The focus this week in the media has been Consensys and its round of layoffs. (Here's an AMA
from one of the people let go).
It's always a bit scary how the media can pick a target it never had anything to say about, and then attack it like it. You can almost see the pleasure in the media's eyes of someone not being successful. I can understand it with Theranos, or Stox, but not with companies like Consensys.
Even if it does some things we might not appreciate, the role of Consensys in the ecosystem is undeniable. The boldness of it is stunning as well.
And course-correcting for a while is just absolutely fair. Who are we to say what they should have done during the bull market or how they should have run their firm?
But with this context, it is hard times for many projects like Consensys which have counted on a lot of funding, but whose commercial success is unlikely and in any case far off in the future.

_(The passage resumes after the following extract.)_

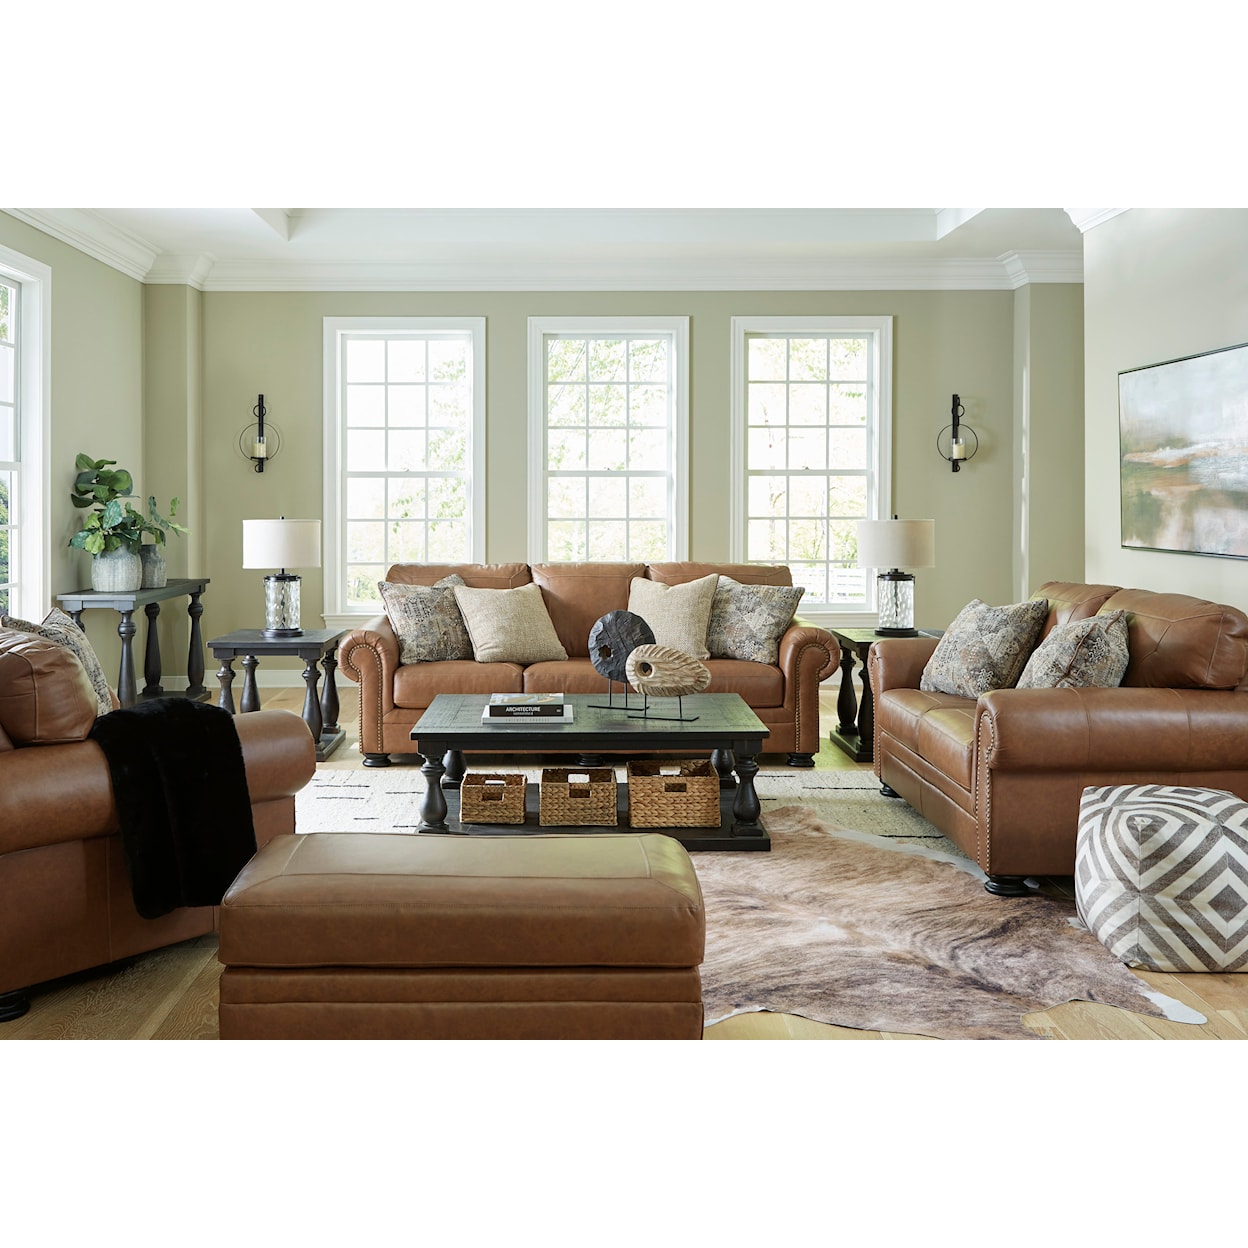 Signature Design by Ashley Furniture Carianna 4-Piece Living Room Set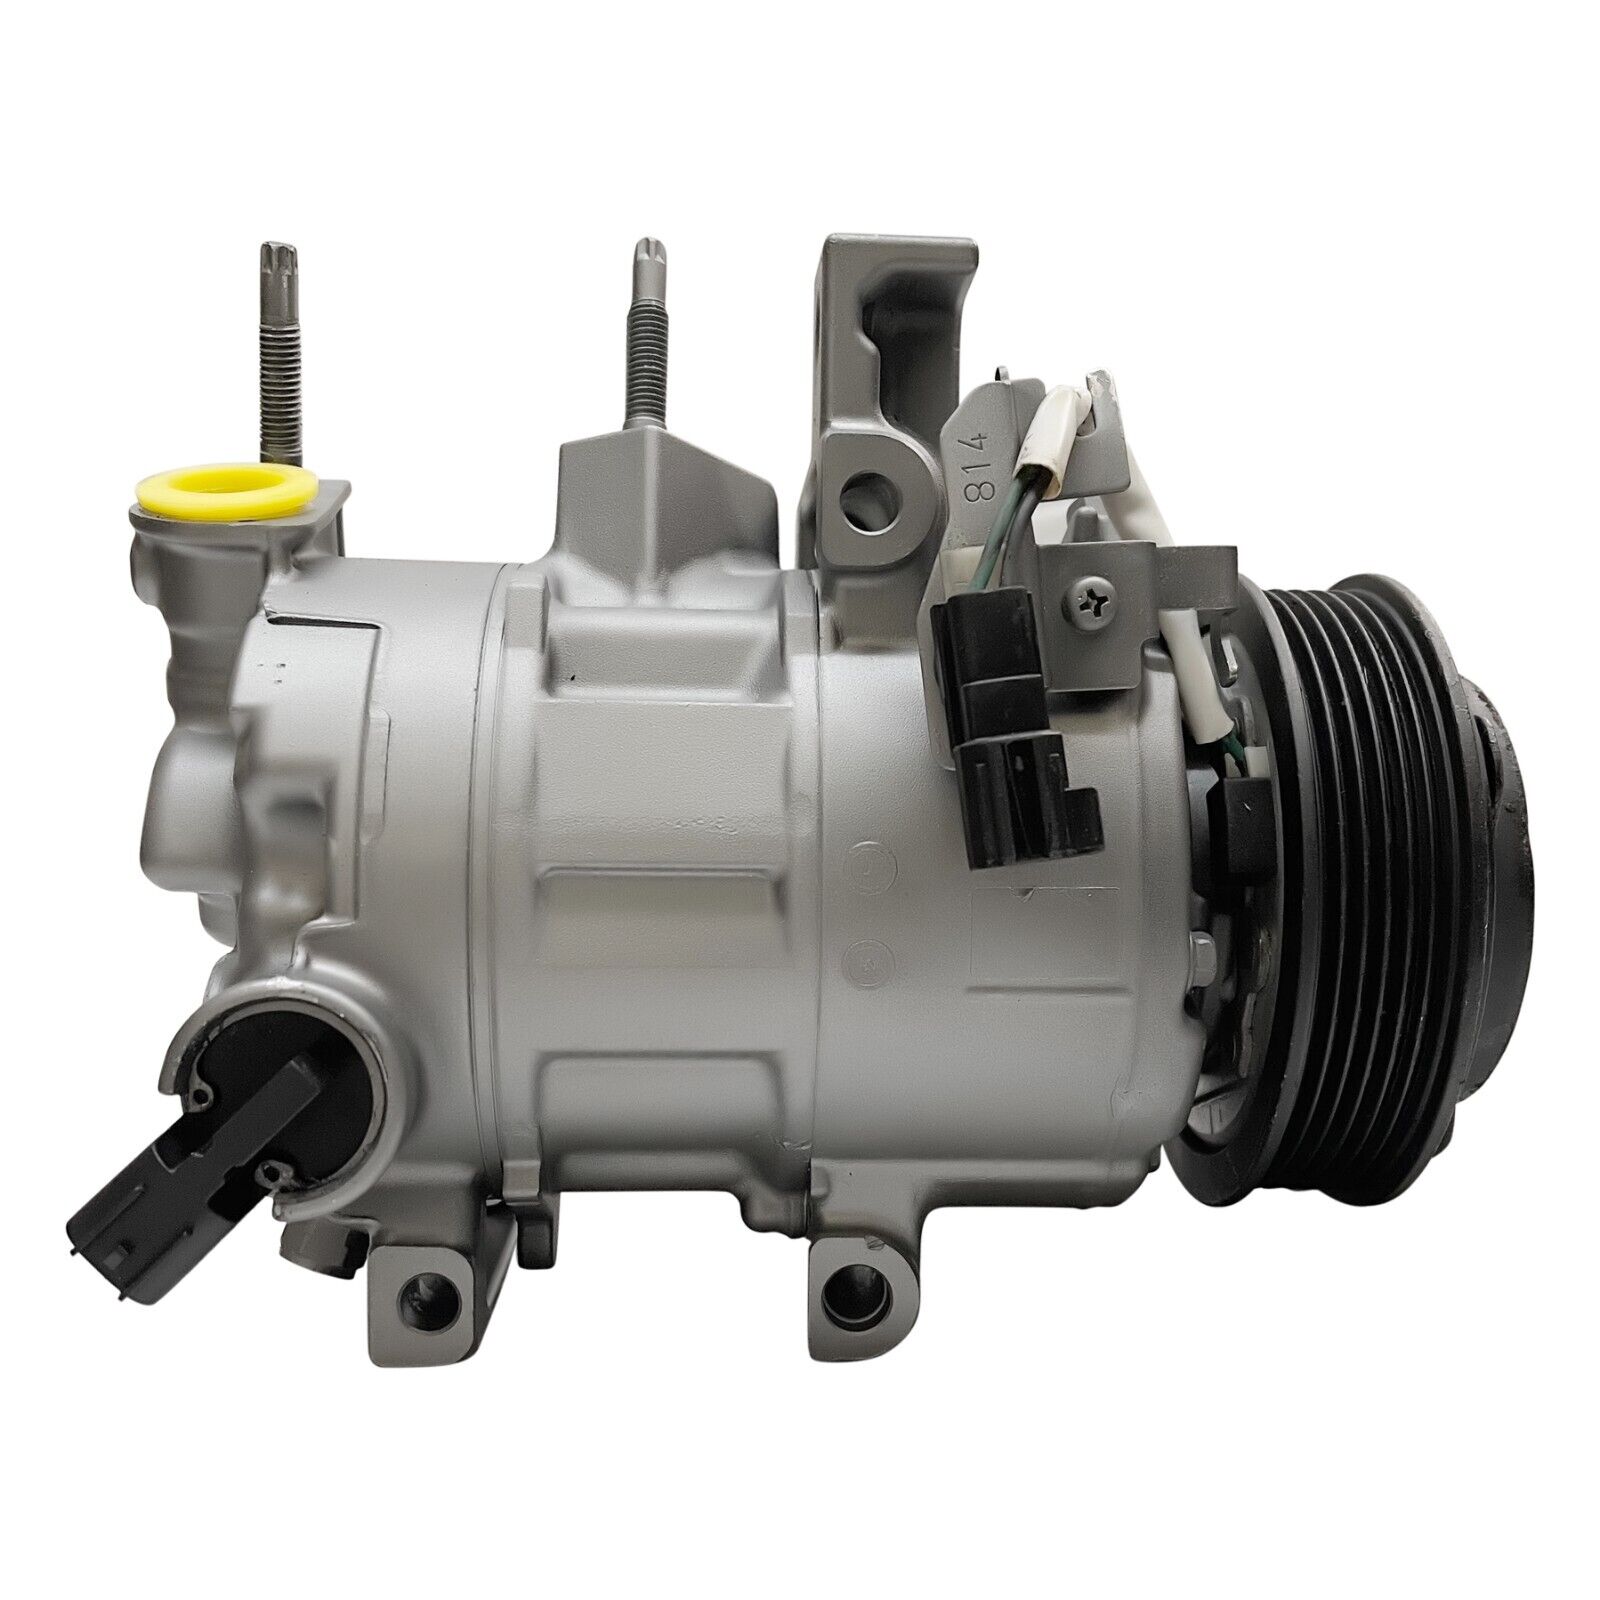 RYC Reman AC Compressor AD-1610 Fits Ford Mustang 5.0L 2018 2019 2020 2021 2022

Many are downsizing, some are even closing down dev efforts entirely. That being said, VCs deployed staggering amounts of capital, so I'm sure mostly everyone will be able to land on their feet thanks to some Silicon Valley cash, at least for the next few years (and then hopefully a new bull run can start!).
The team at Consensys responded to the critics with a piece detailing Ethereum by the numbers
, in which you they try to spread optimism about the ecosystem.
As someone very involved in it, it does seem that the pace of innovation, development and talent inflow is inversely correlated with the price action. The stuff we have now, is just another level from what we had at ETH's ATH.
Every day we have something that's more usable, more innovative and more importantly that can be improved upon in an exponentially increasing pace of innovation.
Suffice to say, we're very long Ethereum (we're not that clear on ETH instead).